Das alles entfesselt eine unerhörte Spannung. Selbst wer sich im Dickicht der Wagnerschen Mythenerzählung nicht auskennt, versteht unmittelbar, aus welcher Motivation heraus etwas passiert. Überdies besitzt Kratzer offensichtlich Sinn für Humor. So sieht man beim berühmten Walkürenritt die Gotteskriegerinnen durch das sommerliche München reiten, und Brünnhilde kreist im Helikopter über der Stadt. Walhall wiederum, wo sich die gefallenen Helden im Jenseits versammeln, ist der Königssaal im Münchner Nationaltheater, wo die «Walküre» 1870 auf Geheiss Ludwigs II. uraufgeführt wurde.

Zu diesem Opern-Thriller steuert Jurowski mit dem Bayerischen Staatsorchester den perfekten Soundtrack bei. Wirkte die «Rheingold»-Premiere im vergangenen Jahr noch stellenweise übersteuert und gleichzeitig zu detailbesessen, entfacht Jurowski nun einen überwältigenden Sog. Da wird ohne angezogene Handbremse musiziert, Jurowski gönnt dem Orchester grosse, weite Phrasen.
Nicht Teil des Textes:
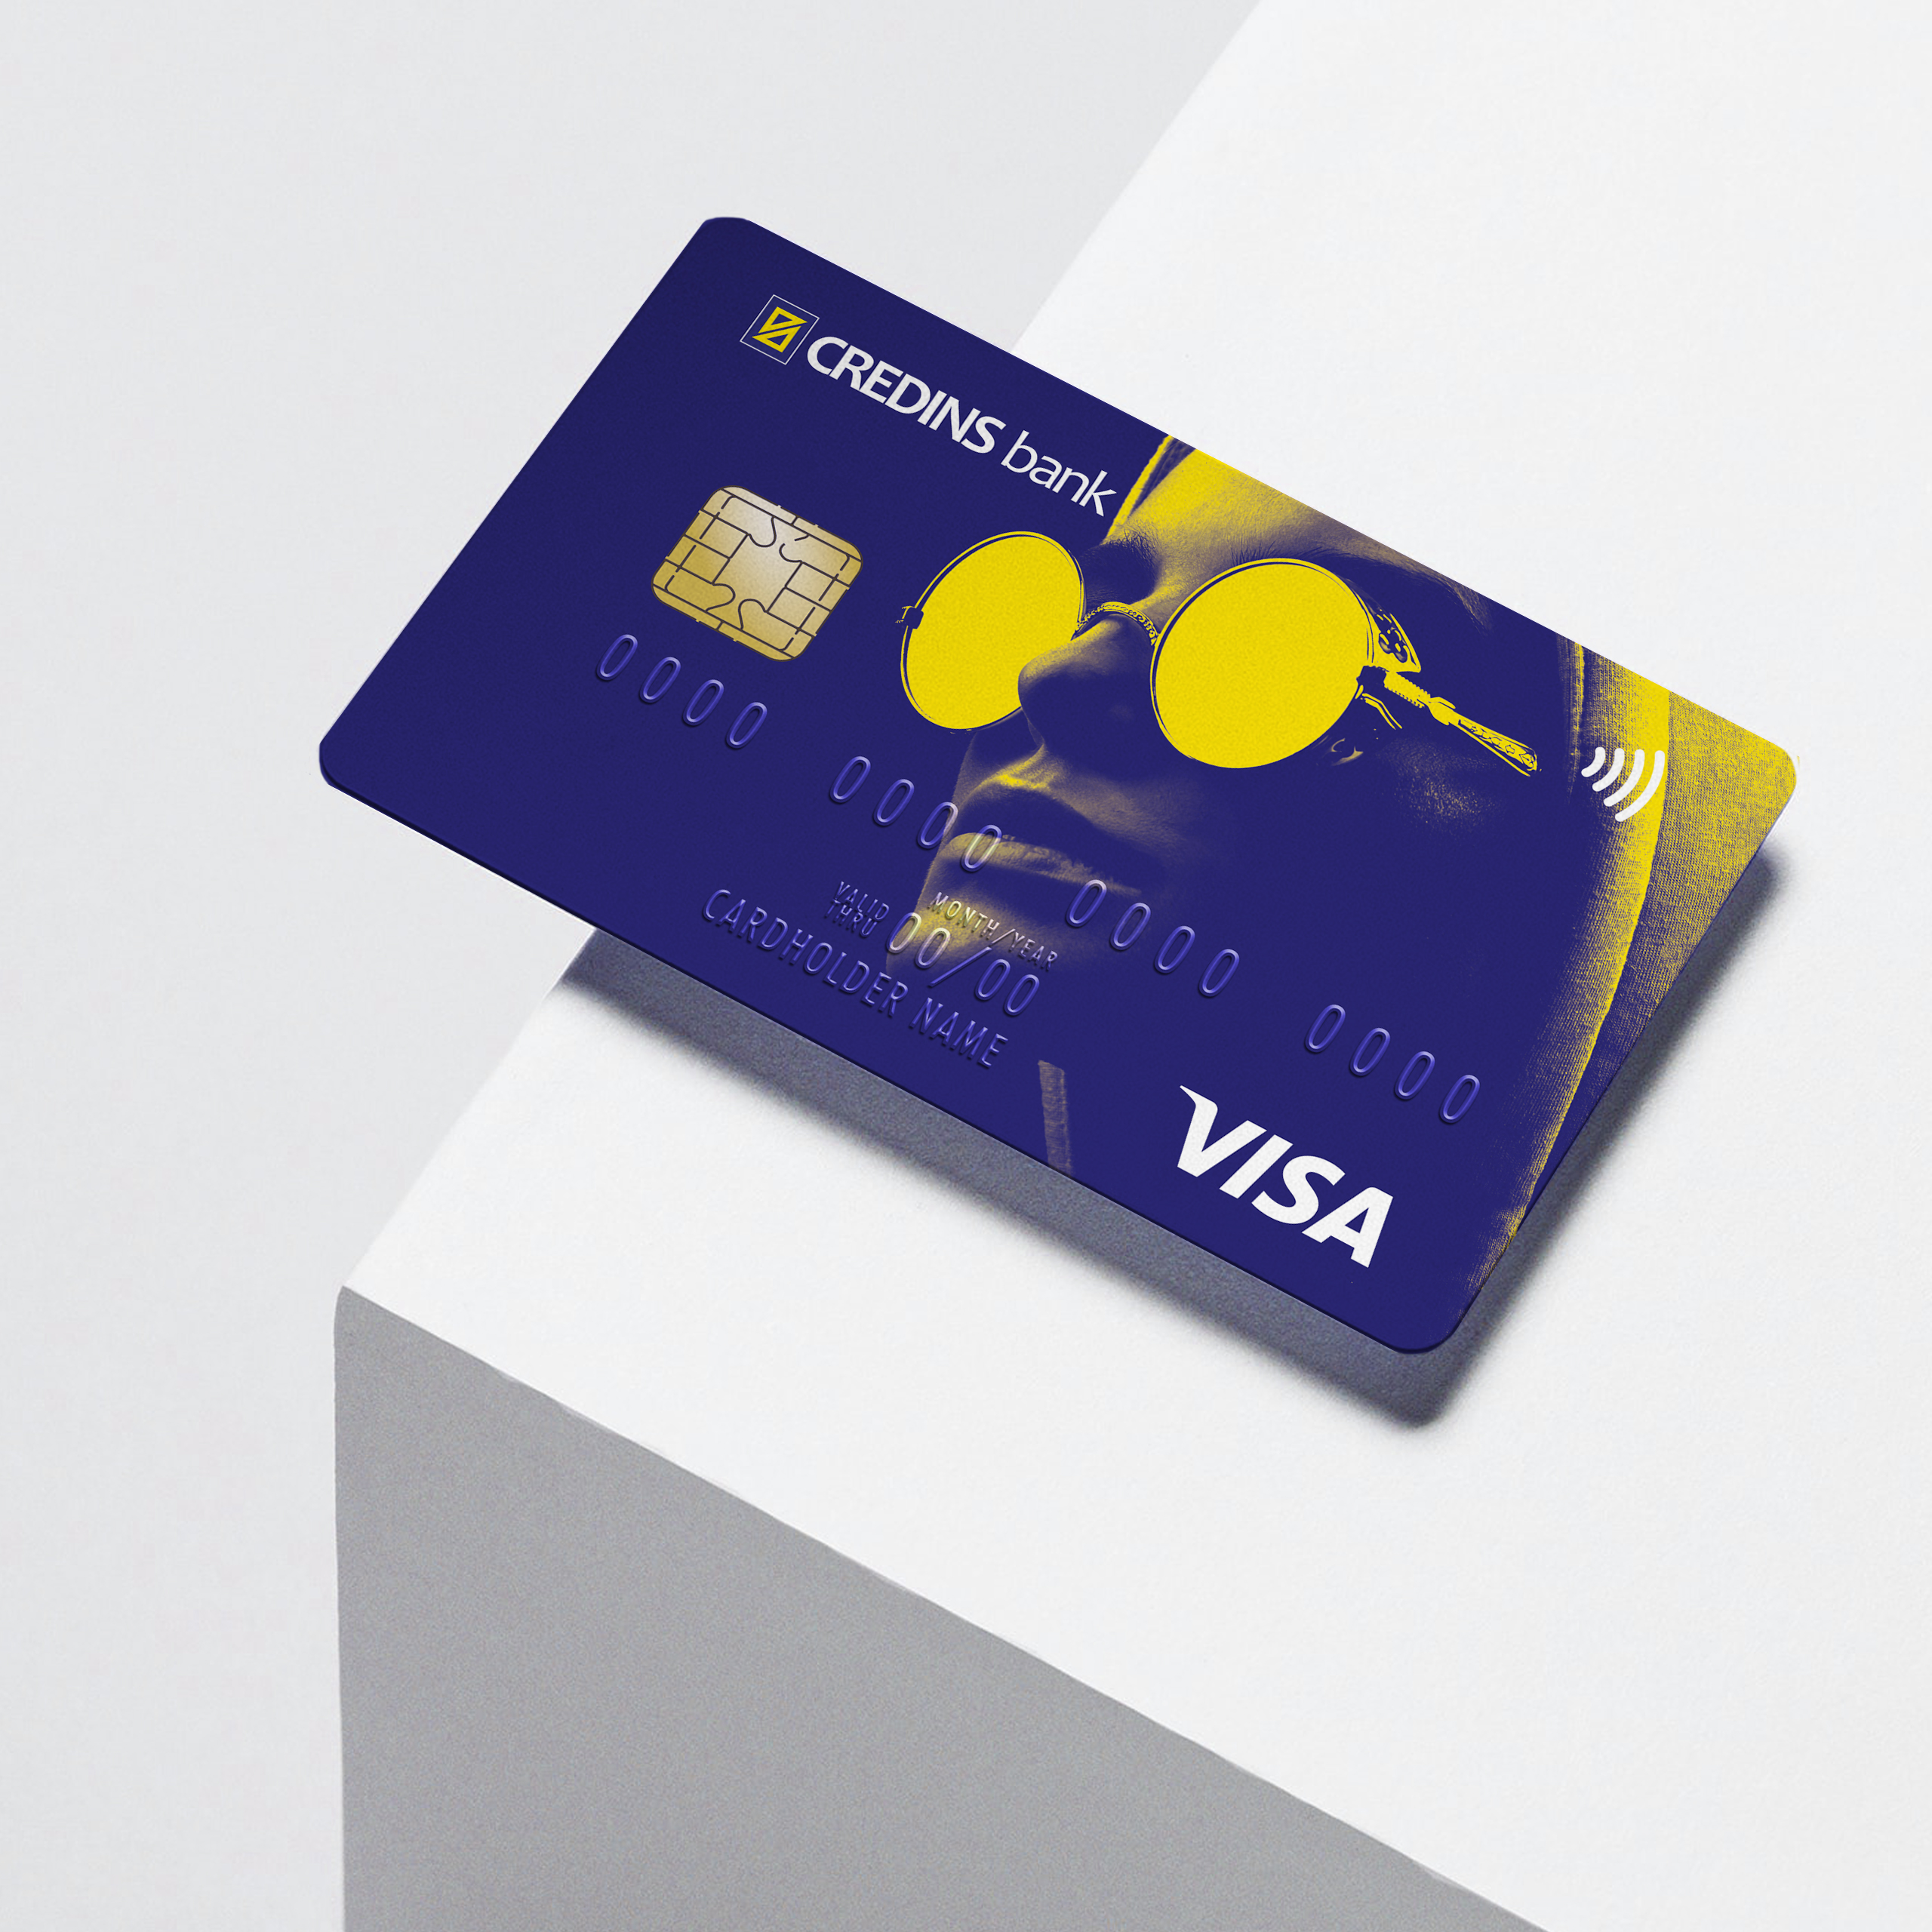 Credins Bank, Project Img 30 - Vatra Agency / Founder & CEO Gerton Bejo

Seit zwei Wochen steht nun fest, dass Jurowski München im Jahr 2029 verlässt und von Petr Popelka beerbt werden soll. Diese Weichenstellung scheint dem Dirigenten eine Last von den Schultern genommen zu haben: Seine Leitung der «Walküre» wirkt jedenfalls wie befreit. In jedem einzelnen Instrumentalklang und jeder Phrase legt Jurowski den Wesenszug der Personen wie auch den Stoff selbst frei.
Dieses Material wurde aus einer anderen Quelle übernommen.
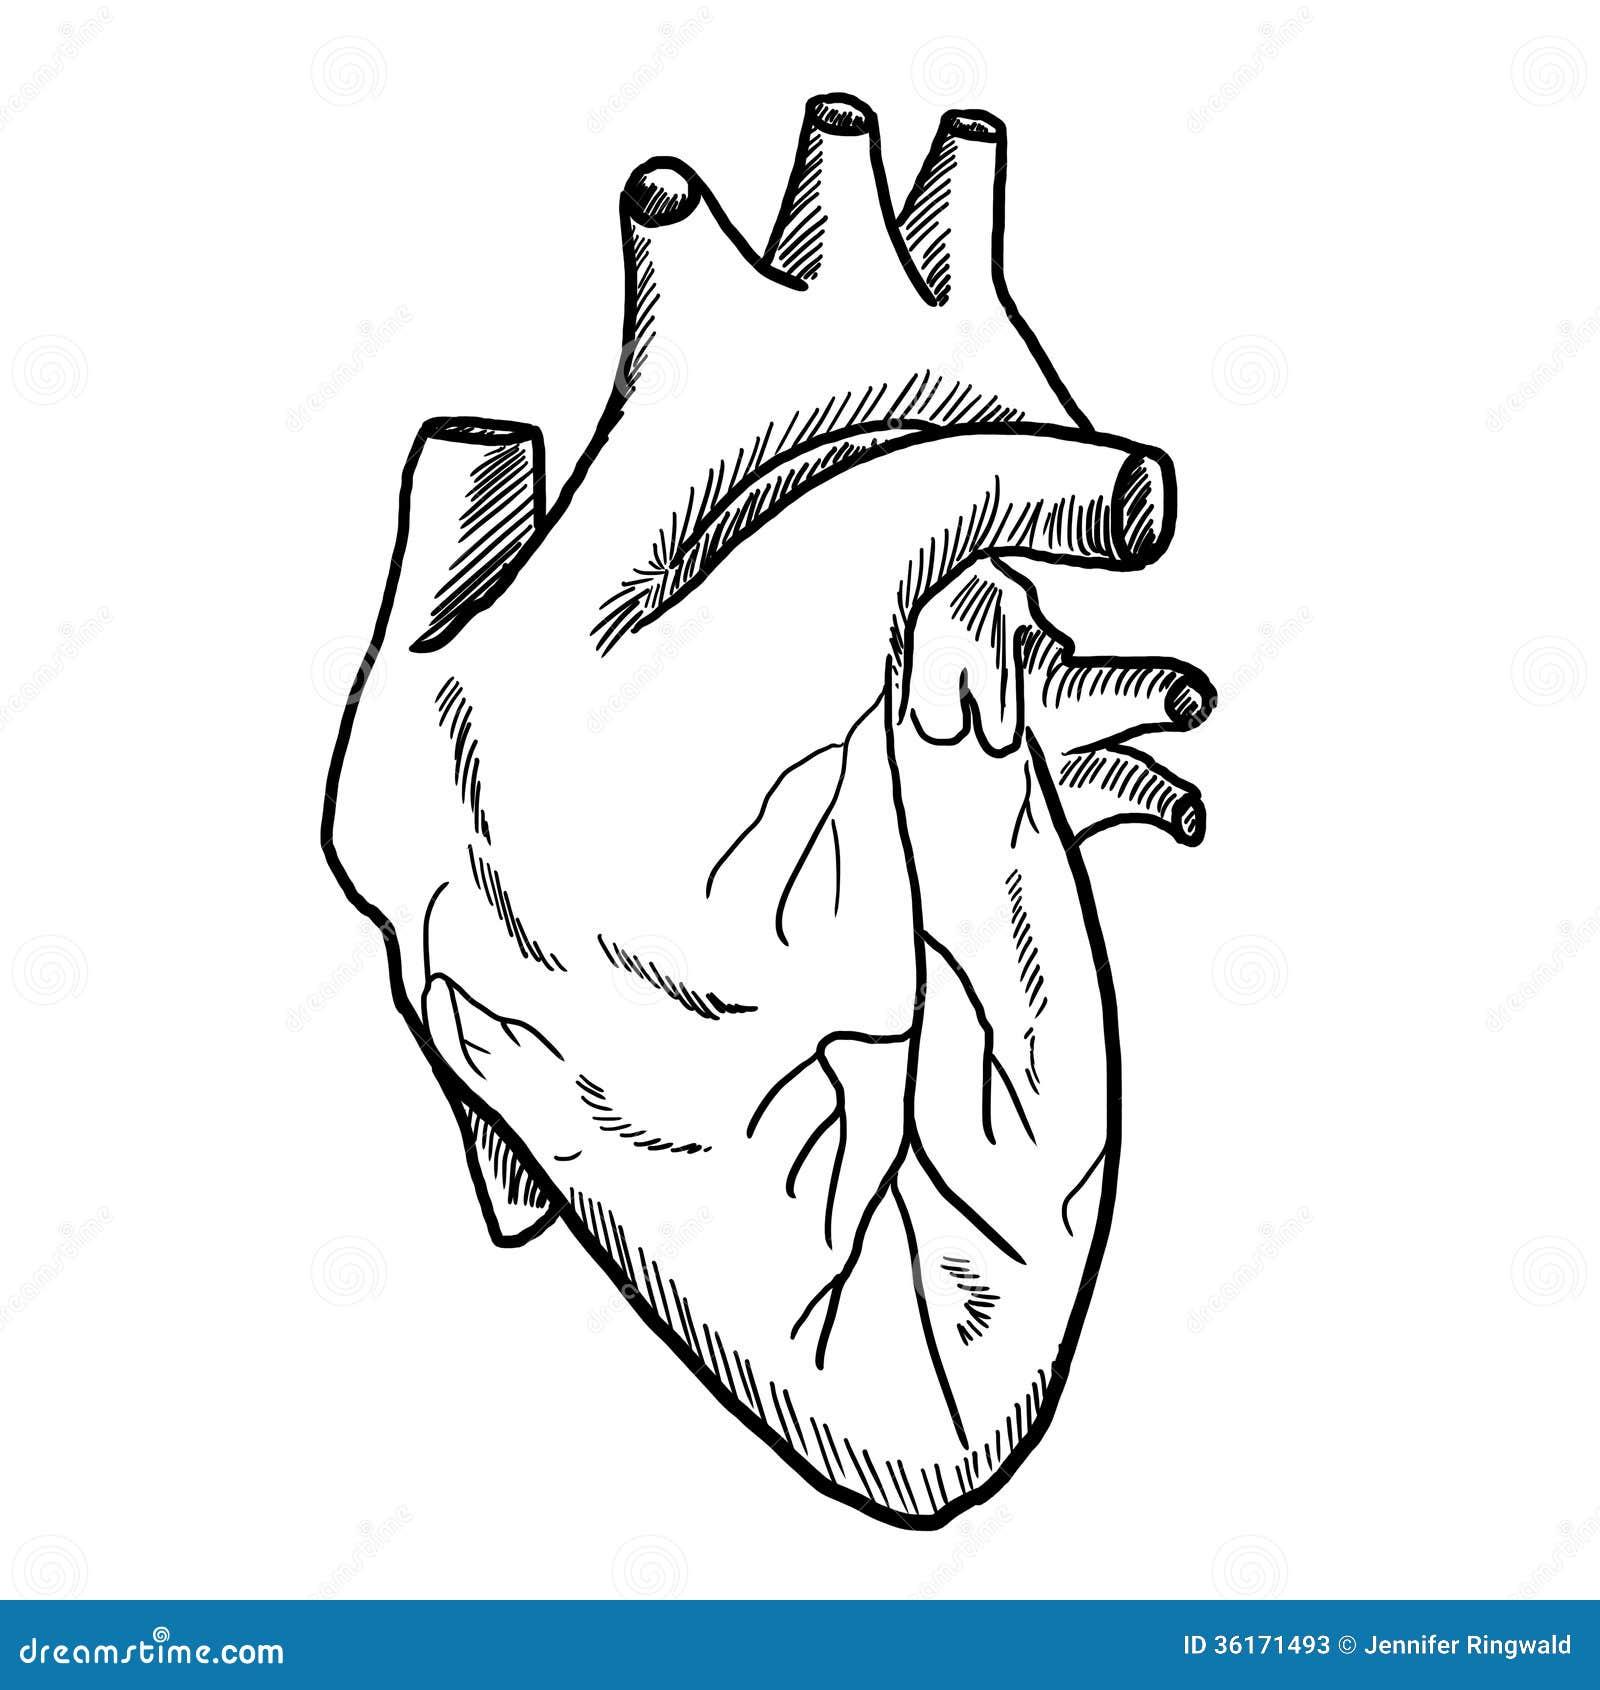 Desenho Do Coracao Humano Ilustracao Stock Ilustracao De

Jurowski zielt dabei auf eine Symbiose mit der Bühne – was gerade in der «Walküre» eine besondere Leistung ist, da die Musik durch ihre emotionale Wucht leicht eine Parallelwelt schafft, neben der die Szenerie banal wirken kann. Stattdessen wird die Handlung von Jurowski aus dem Graben «miterzählt», genauso konkret und psychologisch geschärft wie in Kratzers Regie. Hier ahnt man, wie Wagner das Verschmelzen von Musik und Theater im Rahmen des Gesamtkunstwerks gemeint haben dürfte.
Diese «Walküre» ist ein Glücksfall. Wenn Kratzer und Jurowski diese Höhe halten, wird nicht der aus Kostengründen abgespeckte neue «Ring» in Bayreuth der prägende Beitrag zum Jubiläum der ersten Gesamtaufführung vor 150 Jahren, sondern der Zyklus der Münchner Konkurrenz.